But the nightmare scenario is the D word. Two of them. Deflation and depression. If people don’t borrow money, even if they’re paid to do so, that would lead to a slowing economy. It could mean people put off purchasing houses or making additions to them, and companies laying off workers. When that’s multiplied by the thousands, which becomes millions, it could mean recession. If the cycle continues beyond a brief time, it could become a depression. Already hours worked are starting to come down, and that very possibly could be followed by job cuts. And that’s something the Federal Reserve wants to stop in its tracks so it will probably lower its own interest rates significantly in the coming weeks. Ideally, that will help get the yield curve back to normal—where lower rates are lower than longer term rates—and hopefully stave off a recession. (Last week’s inversion was temporary, but the spread is still thin.)

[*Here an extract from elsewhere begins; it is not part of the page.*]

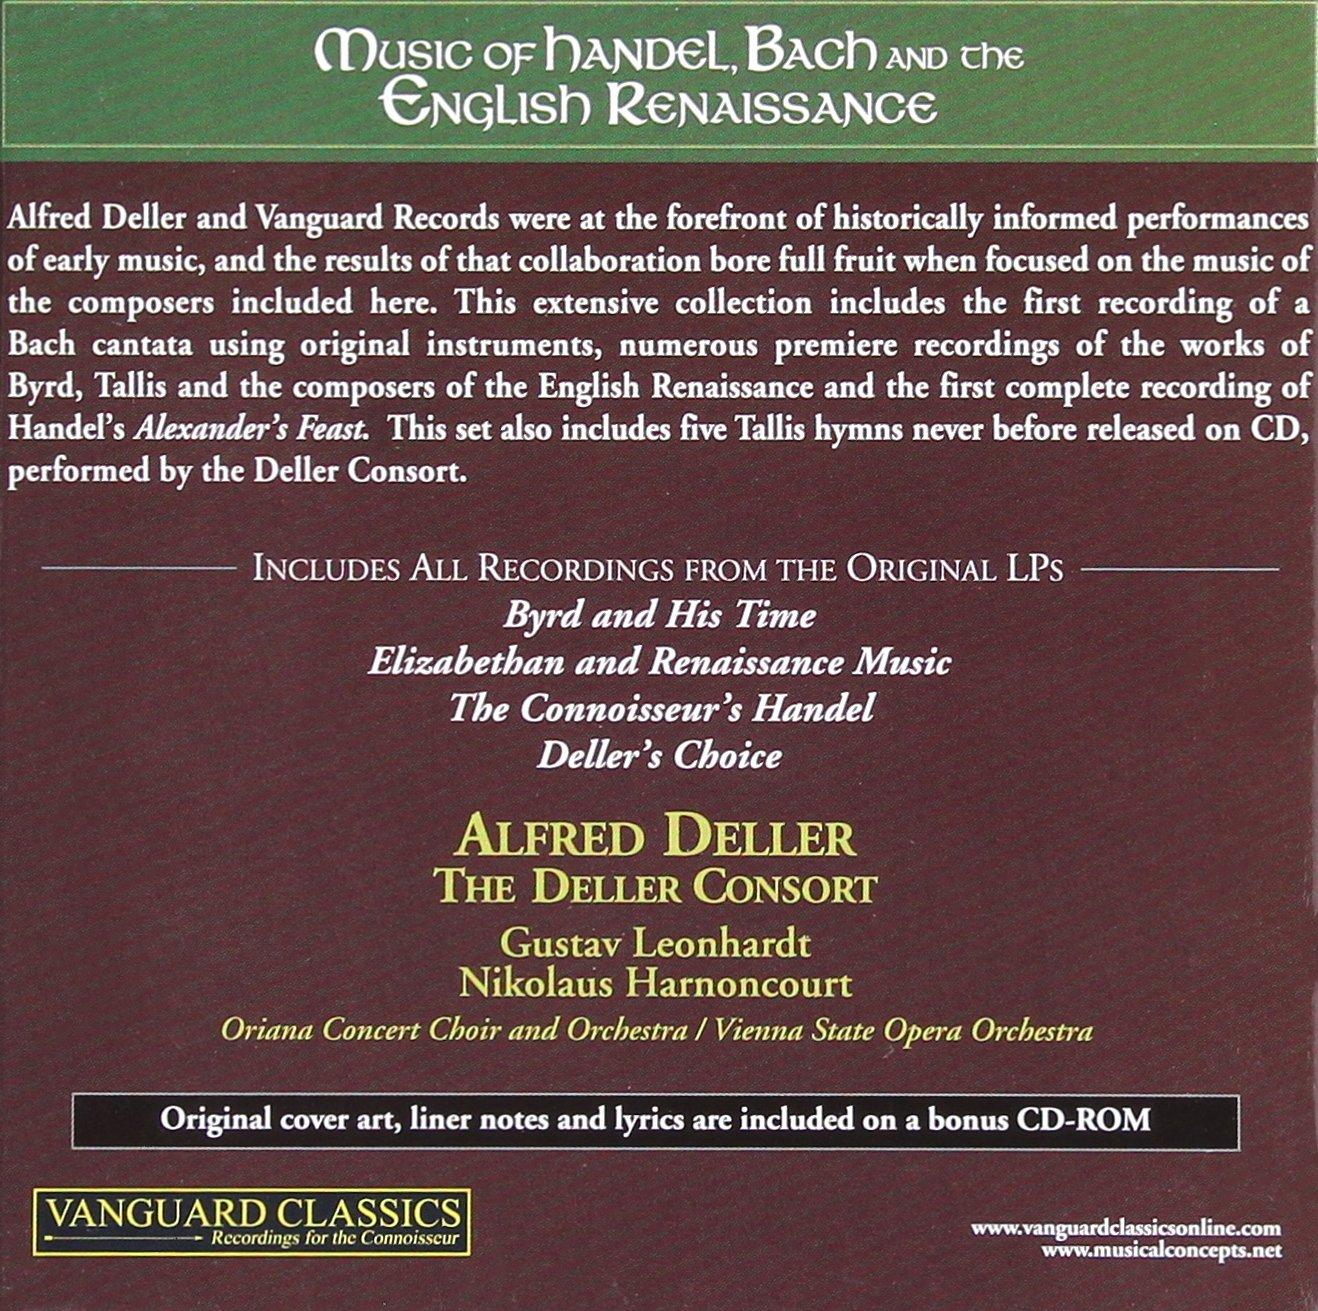 Music of Handel Bach & the English Renaissance 4

In the institutional world, money managers want to return to a normal yield curve as well. If rates go down too far, they’ll have to look for positive return somewhere else. Nancy Davis says that will create volatility: “It creates speculative behavior. They still need yield and income, so it pushes them into riskier assets. It’s well meaning, but the reality is that it’s almost like heroin and they might not be able to stop. They keep looking for return, and they take riskier and riskier positions to get it.”

What are the remedies?

Davis says, “We need to do a reverse TWIST operation.” She’s referring to a program In 2011 when the Federal Reserve sold short-term Treasury bills to buy long-term Treasury debt. The higher demand for the longer term debt pushed interest rates downward. That made borrowing cheaper, encouraging borrowers to put the money to work in the economy. By most counts, it worked.

A reverse TWIST operation would do the opposite: the Federal Reserve would sell long term debt, and buy short term debt. That would accomplish the opposite with yields: short term rates would fall, and long term rates would go up. It’s another tactic to get the yield curve back to normal, and to avoid negative rates. And it would hopefully create an expectation that inflation would go up in the future, which would encourage you to borrow money now, and put the money to work in the economy. Normal yield curve. Normal interest rates. Normal inflationary expectations. Normal behavior. Normal economy. All is well.

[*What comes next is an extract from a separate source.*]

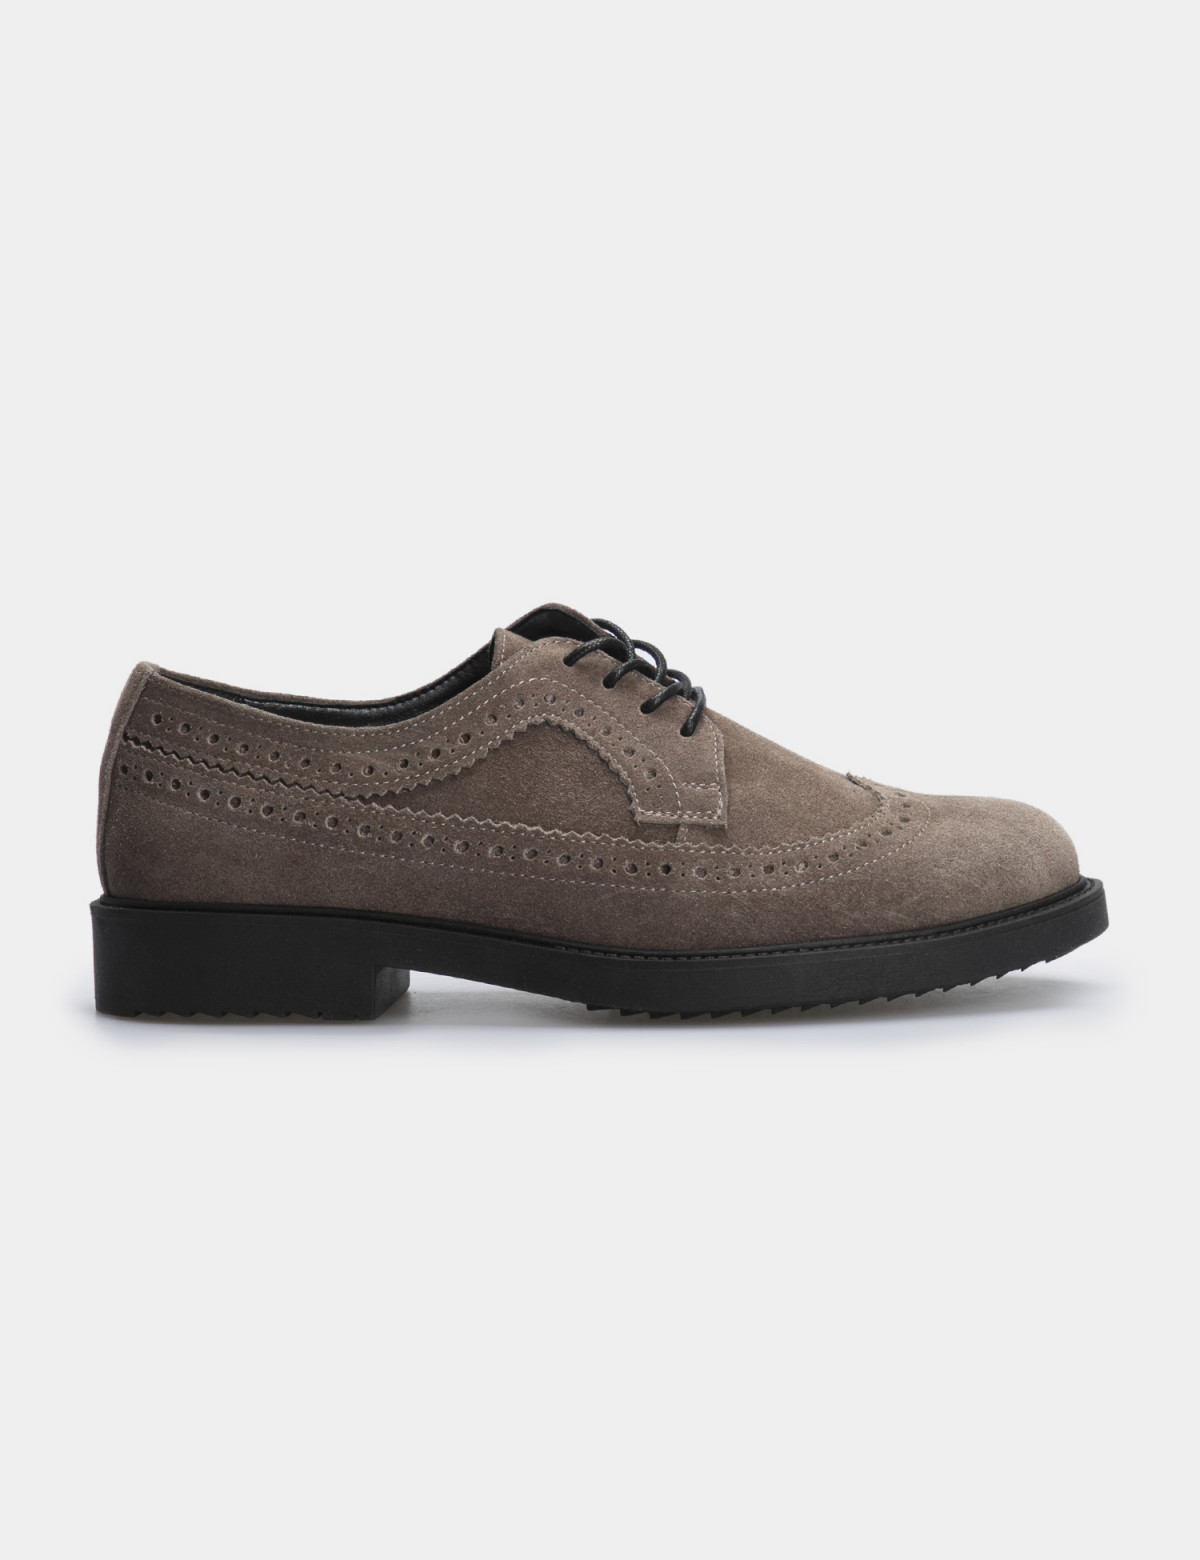 Туфлі темно-бежеві, натуральна замша

But not everybody believes that a change in monetary policy is the solution. In fact, some feel easy money has been one of the problems. “Negative interest rates would indicate that monetary policy is, in essence, impotent,” says Phillip Braun, professor at Kellogg School of Management.

Lowering rates too soon, and too far, would take away ammunition to fight a slowing economy in the future. Considering The Fed Funds Rate is only 2.25% right now, there’s not a long way to go. “The Fed needs room in the future to institute policy responses, when interest rates truly need to be pushed lower,” Braun says. “The Fed should avoid negative interest rates by not pushing interest rates lower now to accommodate President Trump’s trade war with China.”

He’s not sure what should be done if interest rates really do turn negative. “The best that can be said is, given negative interest rates, at any sign of economic growth, the Fed should immediately start raising interest rates, even if there are some negative consequences.”

Another approach to get back to normal, and avoid negative rates in the long run, was floated by the Treasury department last Friday. It would offer ultra long debt, 50-year or 100-year bonds. By Monday the 30-year bond yield was already rising, pushing the yield curve back to normal. It’s a topic that will no doubt come up when central bankers gather for their yearly convention in Jackson Hole, Wyoming.

Which brings us back to Paul Revere and Americans not knowing what to do with negative rates. The consensus seems to be all efforts to avoid them. If Germany and Japan are any indicators, negative rates usually go along with slower economic growth as well.

Individual investors in those countries had a curious, if logical, response when Germany and Japan went negative several years ago. Cash become king, and many people who lost faith in the system didn’t leave their money in the banks. And they didn’t stash it under the mattress. They bought safes—a record number of them.

More must-read stories from Fortune:

—This recession indicator is going off—but don’t use it to time the market
—The death of trading: Why more big banks think the business is a losing bet
—Business confidence is plummeting because of a “chaotic” environment
—How are big banks doing when it comes to diversity? Congress isn’t impressed
—“Negative” interest rates used to be unthinkable in the U.S.—not anymore
Don’t miss the daily Term Sheet, Fortune‘s newsletter on deals and dealmakers.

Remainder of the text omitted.